Out of 170 firms in Chicago that employed colored women for the first time during the war, 42, or 24 per cent, were hotels or restaurants, which hired them as kitchen help or bus girls. Twenty-one, or 12 per cent, were hotels or apartment houses which hired them as chambermaids. Nineteen laundries, 12 garment-factories, seven stores, and eight firms, hiring laborers and janltresses, make up the rest of the 170. The packing industry, of course, leads all others in employment of both colored men and women as workers. Occupations that engaged still others during the war were picture framers, capsule makers, candy wrappers, tobacco strippers, noodle makers, nut shellers, furniture sandpaperers, corset repairers, paper box makers. Ice cream cone strippers, poultry dressers and bucket makers.

In a building near the public library is a colored woman who conducts a hair-dressing parlor. She employs three white girls. All the patrons are white. The proprietress herself could easily pass for a Brazilian banana planter's widow, of Spanish Caucasian blood. But as she frankly admits that she is one-eighth African and seven-eighths Caucasian, she has been refused admission to other buildings when she wished for various reasons to change the location of her establishment.

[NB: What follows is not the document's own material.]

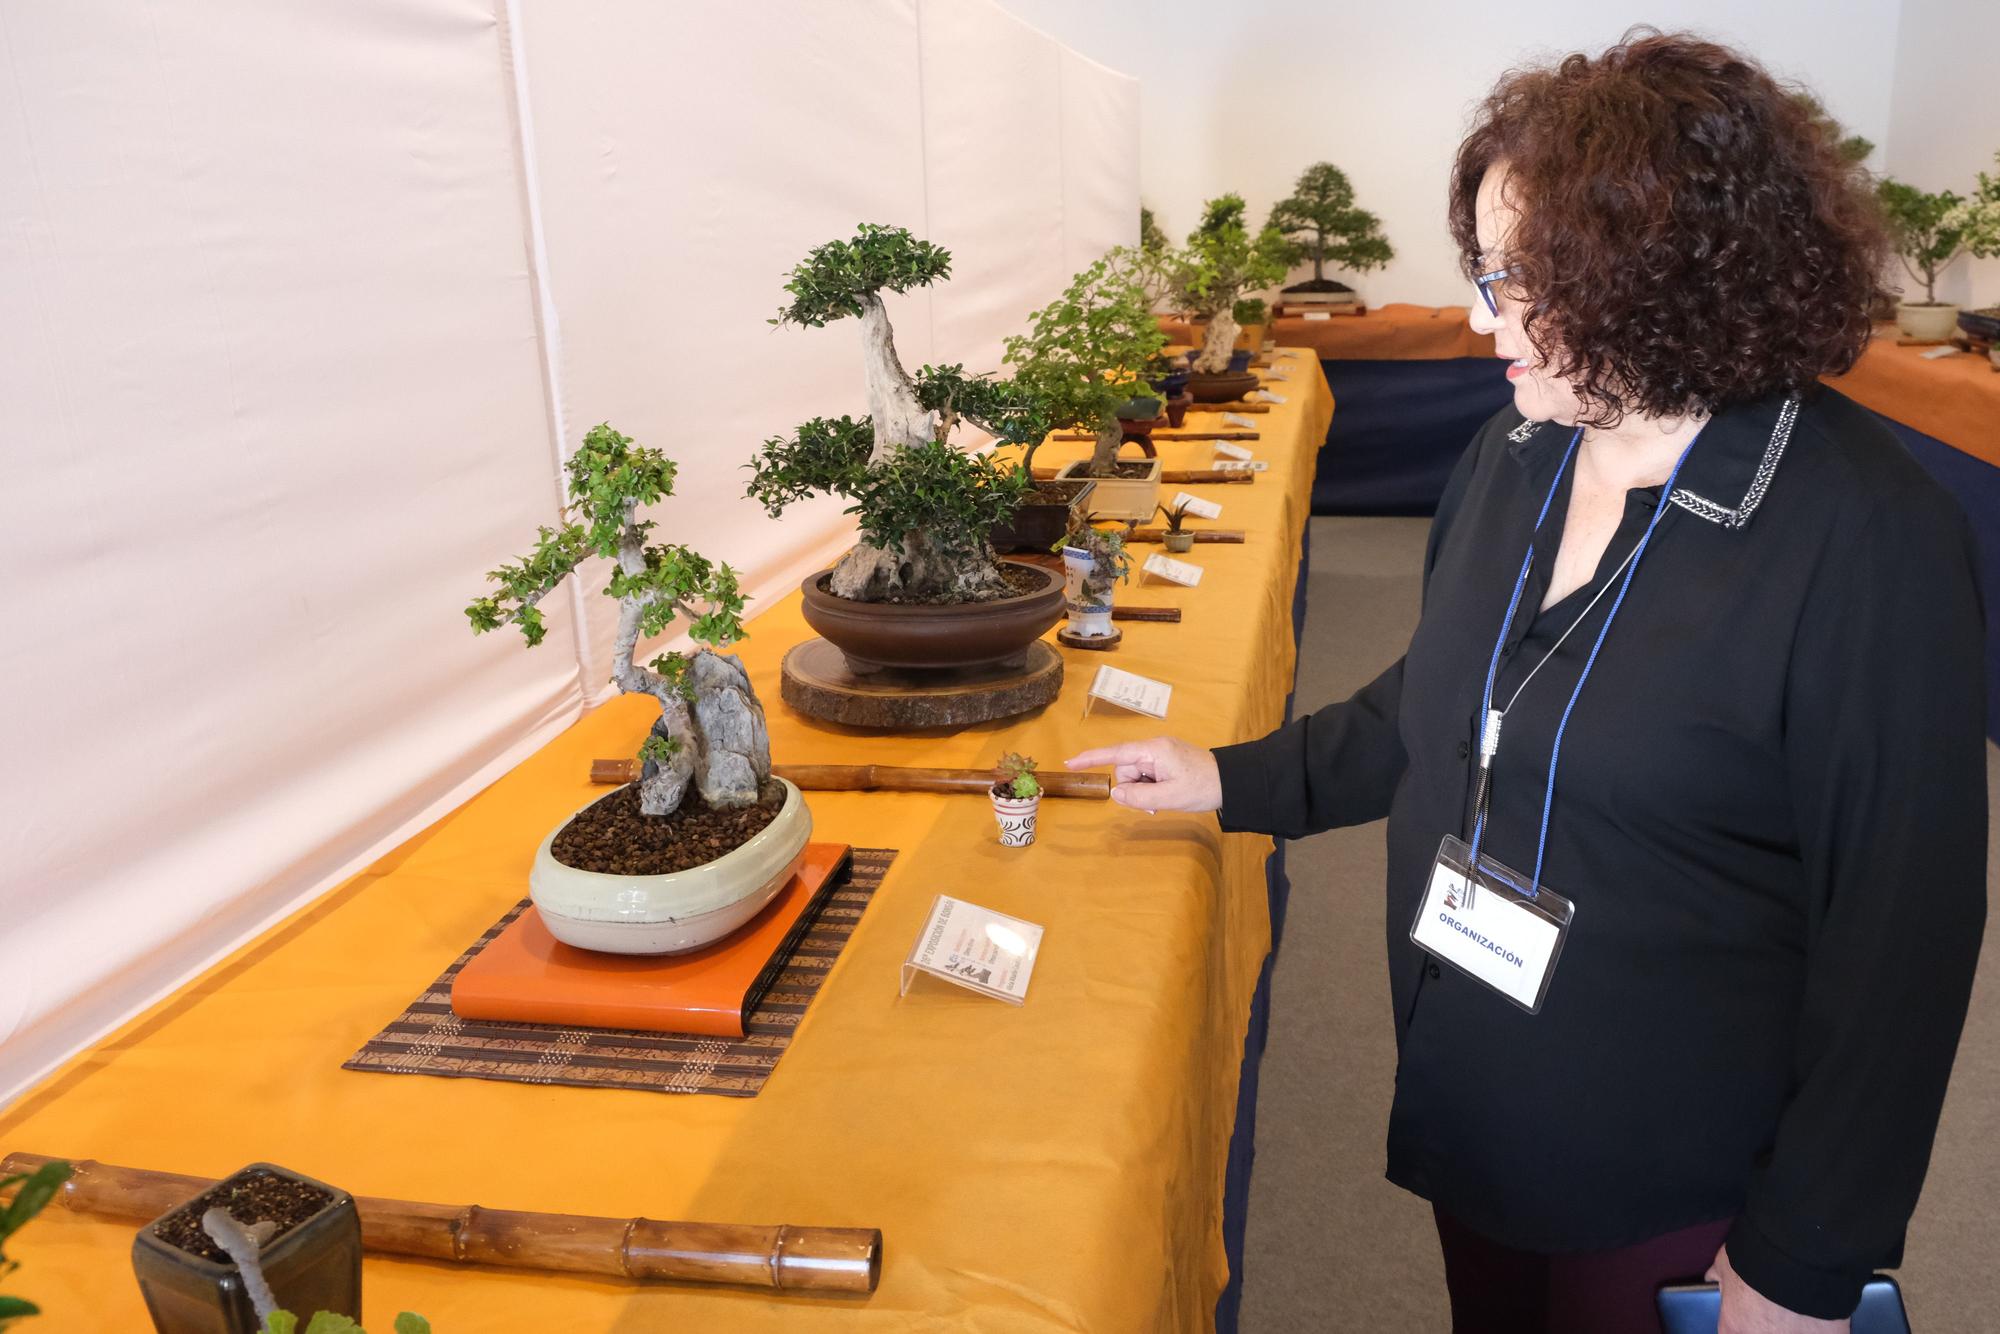 El arte del bonsai se expone en Elche

Here and there, slowly and by degrees, the line of color discrimination breaks. A large chain of dairy lunchrooms in Chicago employs colored bus girls, cooks and dishwashers and depends almost entirely on colored help to do the rougher work.

More notable yet is the fact that a downtown business college informs employment bureaus that it is able to place any and all colored graduates of the college in positions as stenographers and typists. In a few loop stores colored salesgirls are employed. In one shoe store beginning this policy, a white girl filed complaint. The manager investlgated and found there was no objection except from this one white girl, who was thereupon dismissed.

A mattress factory opened wage earning opportunities to colored women in the last year. Two taxicab companies now hire women as cleaners. The foregoing list of occupations just about completes the recital of progress in this regard in Chicago in the last year.

Colored women were occupied during the war in various cities in making soldiers' uniforms, horses' gas masks, belts, puttees, leggings, razor blade cases, gloves, veils, embroideries, raincoats, books, cigars, cigarettes, dyed furs, millinery, candy, artificial feathers, buttons, toys, marabou and women's garments.

The comment of a trained industrial observer on the colored woman as a machine operator is as follows:

"Few as yet are skilled as machine or hand operators. Because of their newness to industrial work, the majority have been put on processes requiring no training and small manual ability. They are employed at repetitive hand operations, and occasionally run a foot press or a power sewing machine. In one millinery shop, however, the superintendent said that every colored worker in his shop preferred machine operation to hand work.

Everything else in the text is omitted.